I was trying to understand the magic inside Data.Binary, and found two
somewhat suspicious uses of inlinePerformIO, which imho has a far too
innocuous name:

| toLazyByteString :: Builder -> L.ByteString
| toLazyByteString m = S.LPS $ inlinePerformIO $ do
|     buf <- newBuffer defaultSize
|     return (runBuilder (m `append` flush) (const []) buf)
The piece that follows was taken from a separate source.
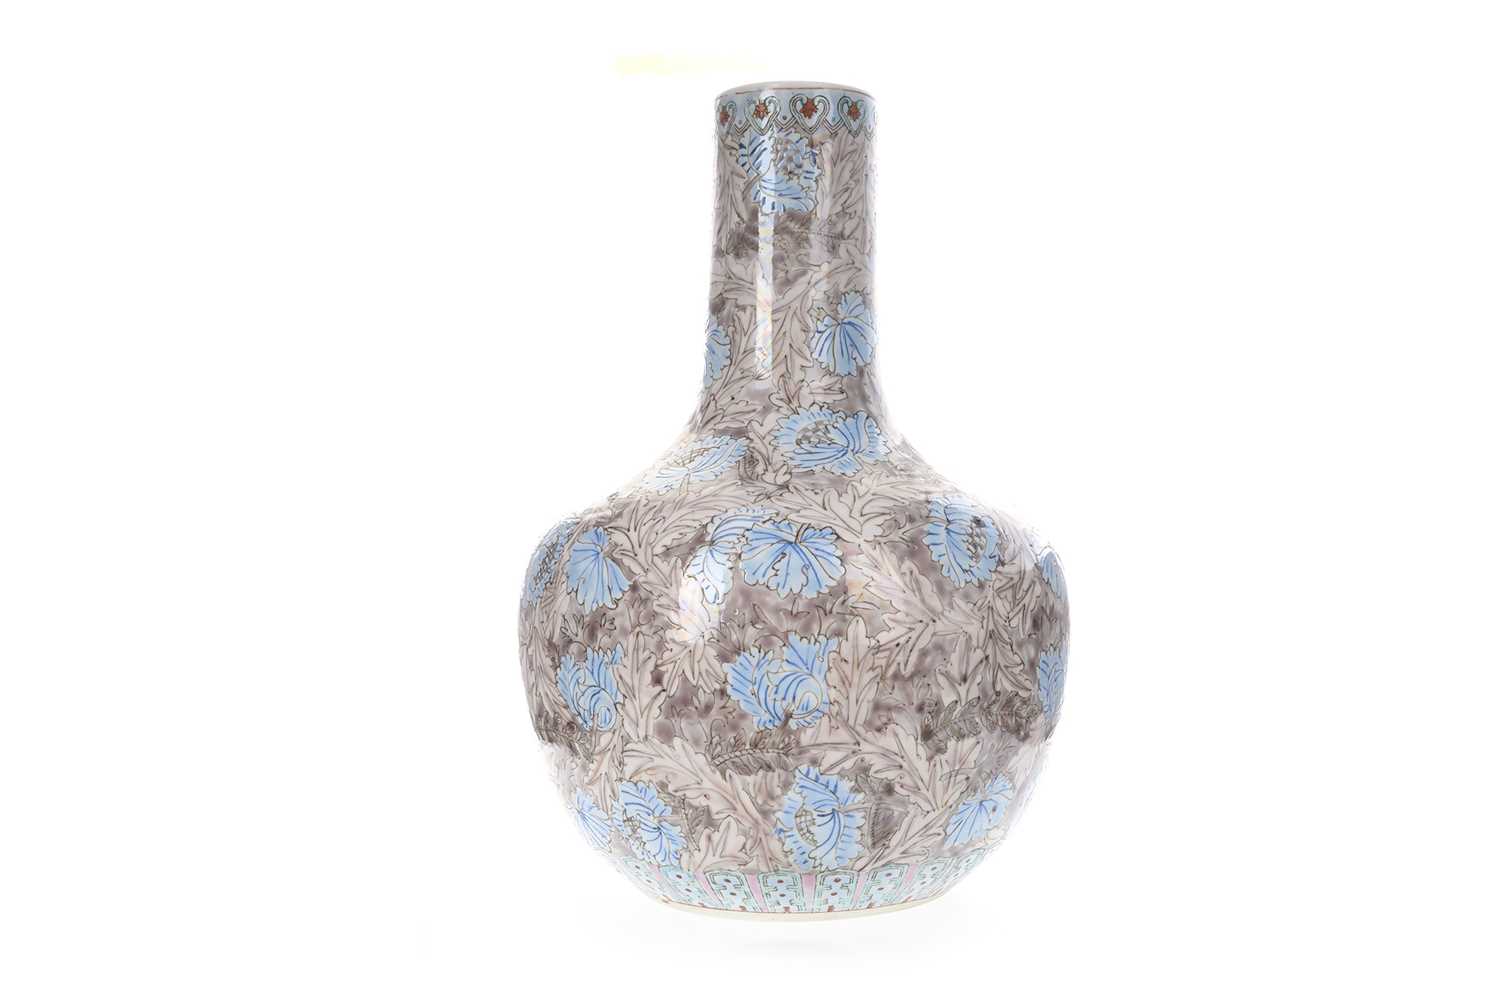 CHINESE BOTTLE VASE, LATE 19TH/EARLY 20TH CENTURY
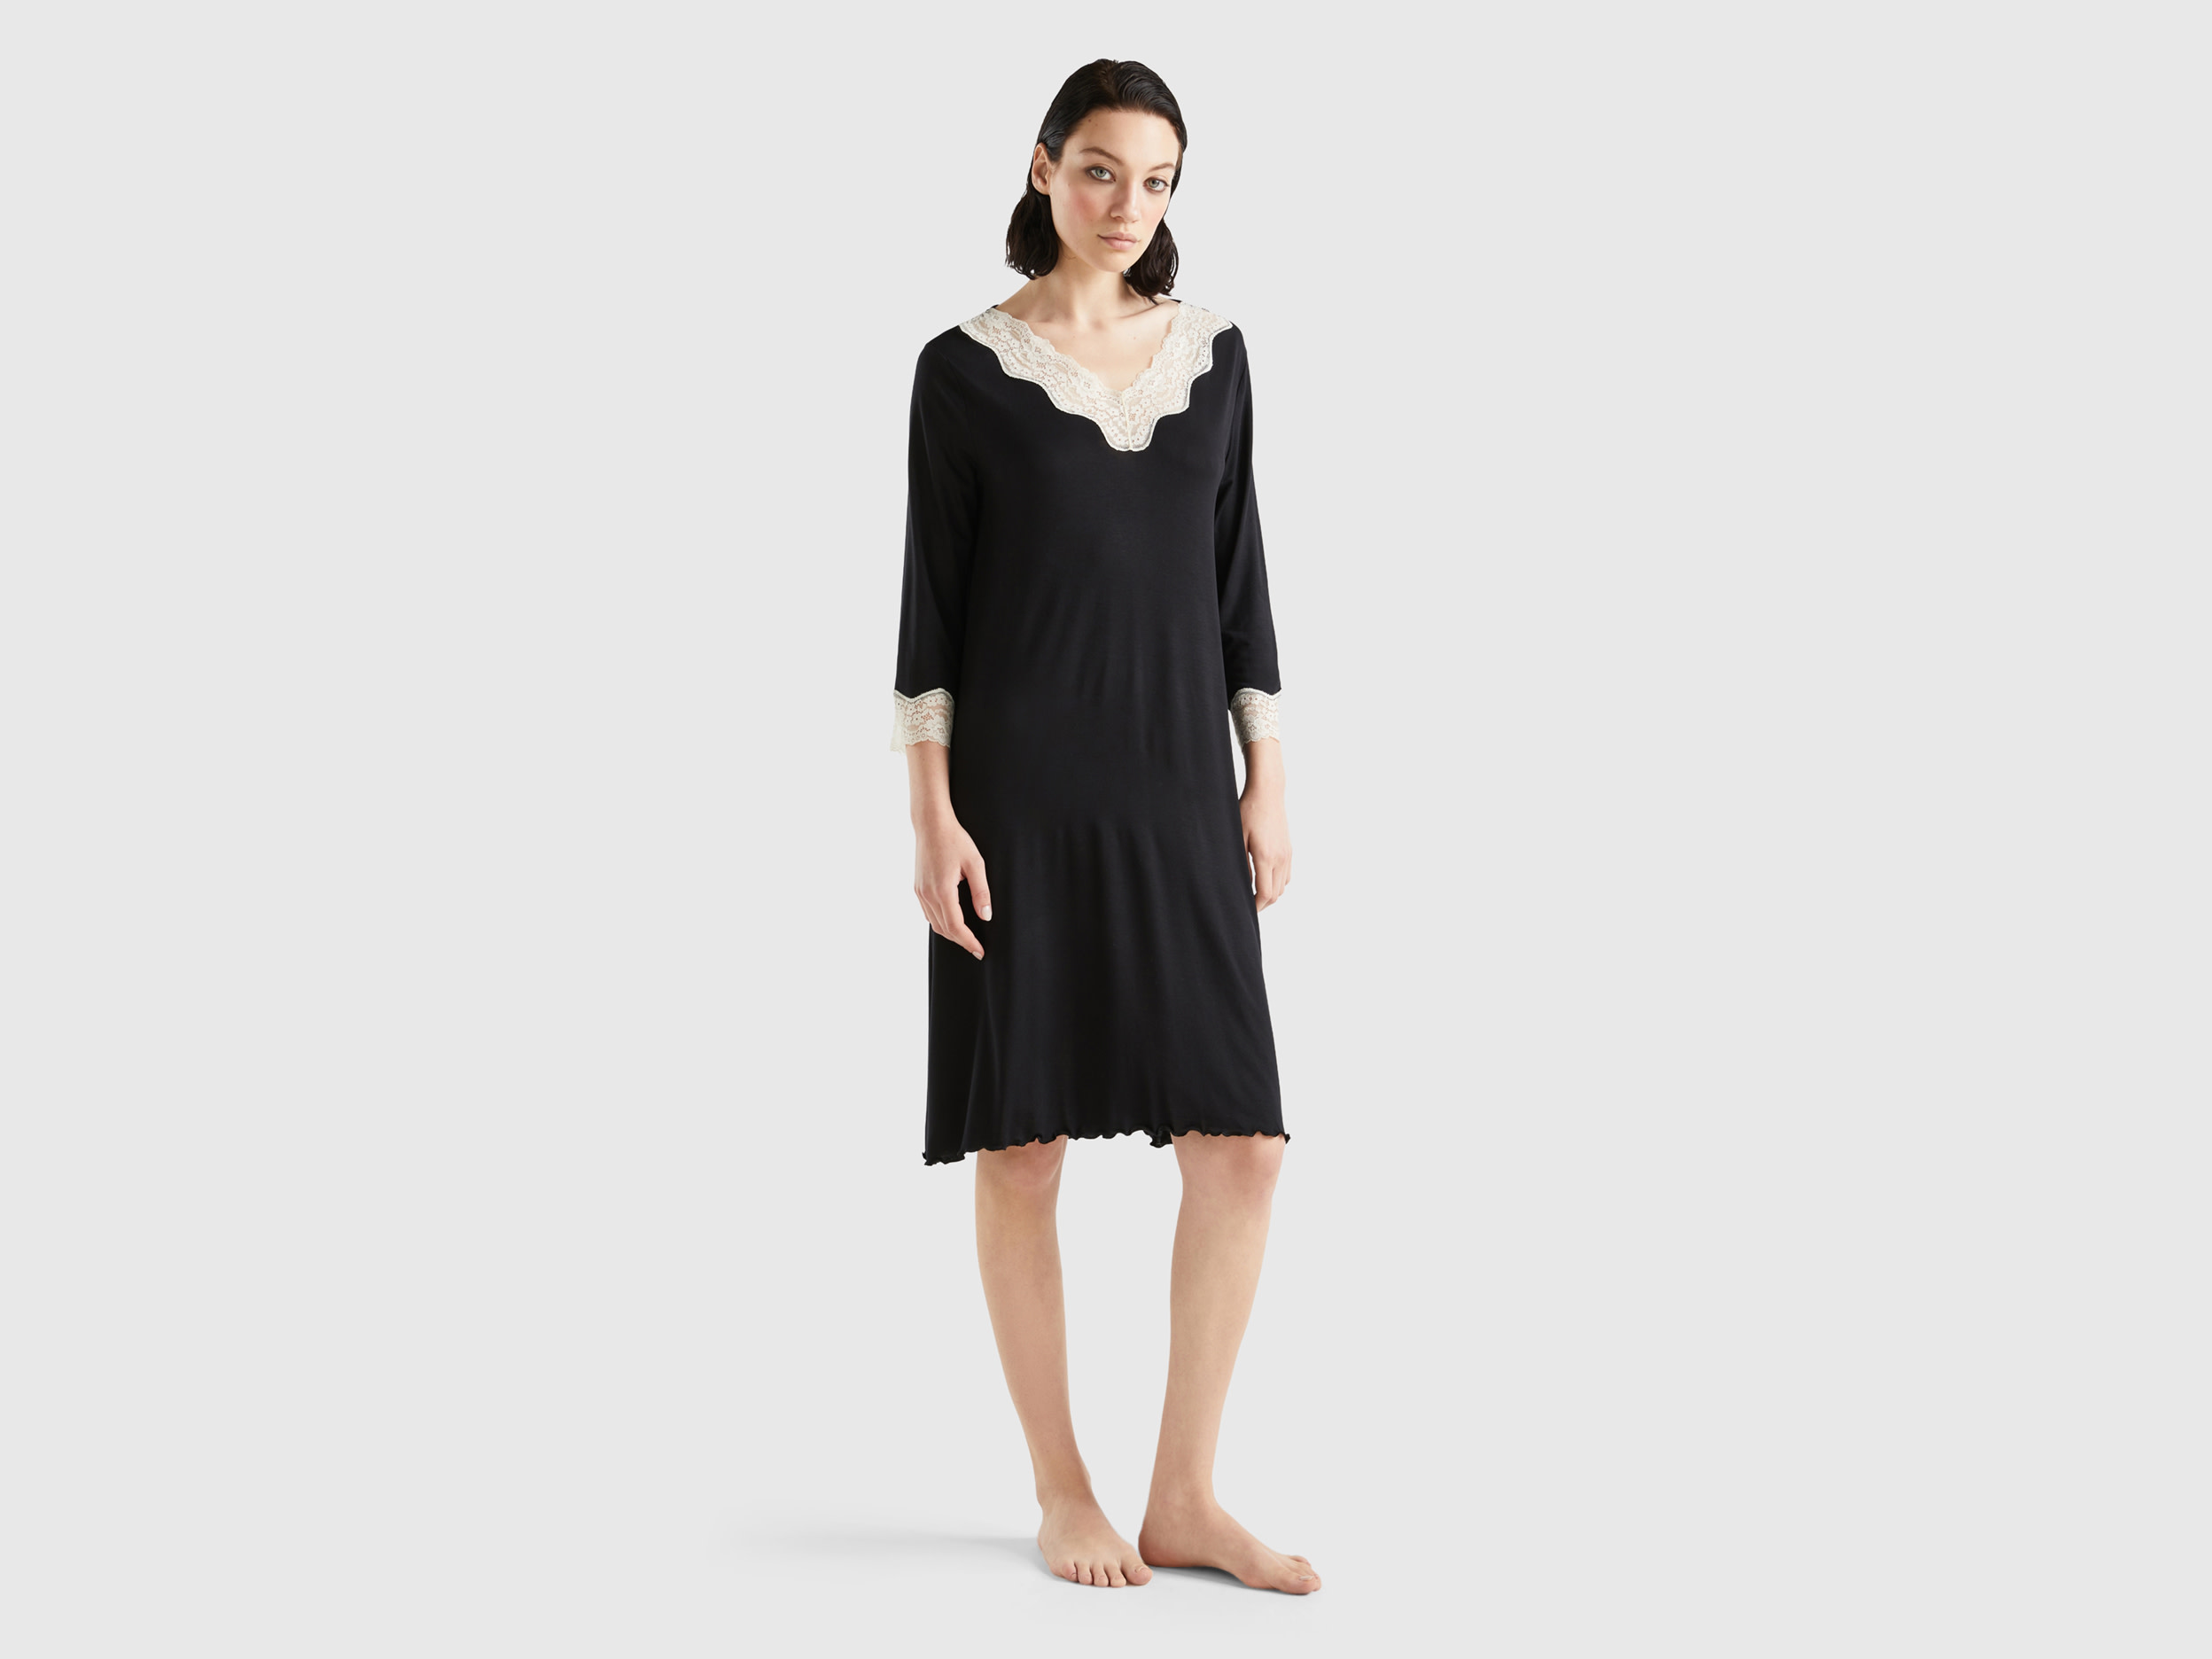 Benetton, Nightshirt With Lace Details, size XS, Black, Women

Why is this safe?  Considering the GHC implementation of IO, isn't there
a real danger that 'newBuffer defaultSize' is floated out and therefore
every invocation of 'toLazyByteString' starts out with the same buffer?
Isn't that exactly the reason why unsafePerformIO and runST are declared
NOINLINE?

The other occurence is:

| unsafeLiftIO :: (Buffer -> IO Buffer) -> Builder
| unsafeLiftIO f =  Builder $ \ k buf -> inlinePerformIO $ do
|     buf' <- f buf
|     return (k buf')

which might be safe, since 'f buf' cannot float out of the lambda which
binds 'buf', but still, all this stuff is inlined, something constant
might get plugged in the place of buf and the result might be floated
out to give us an even harder to find Heisenbug.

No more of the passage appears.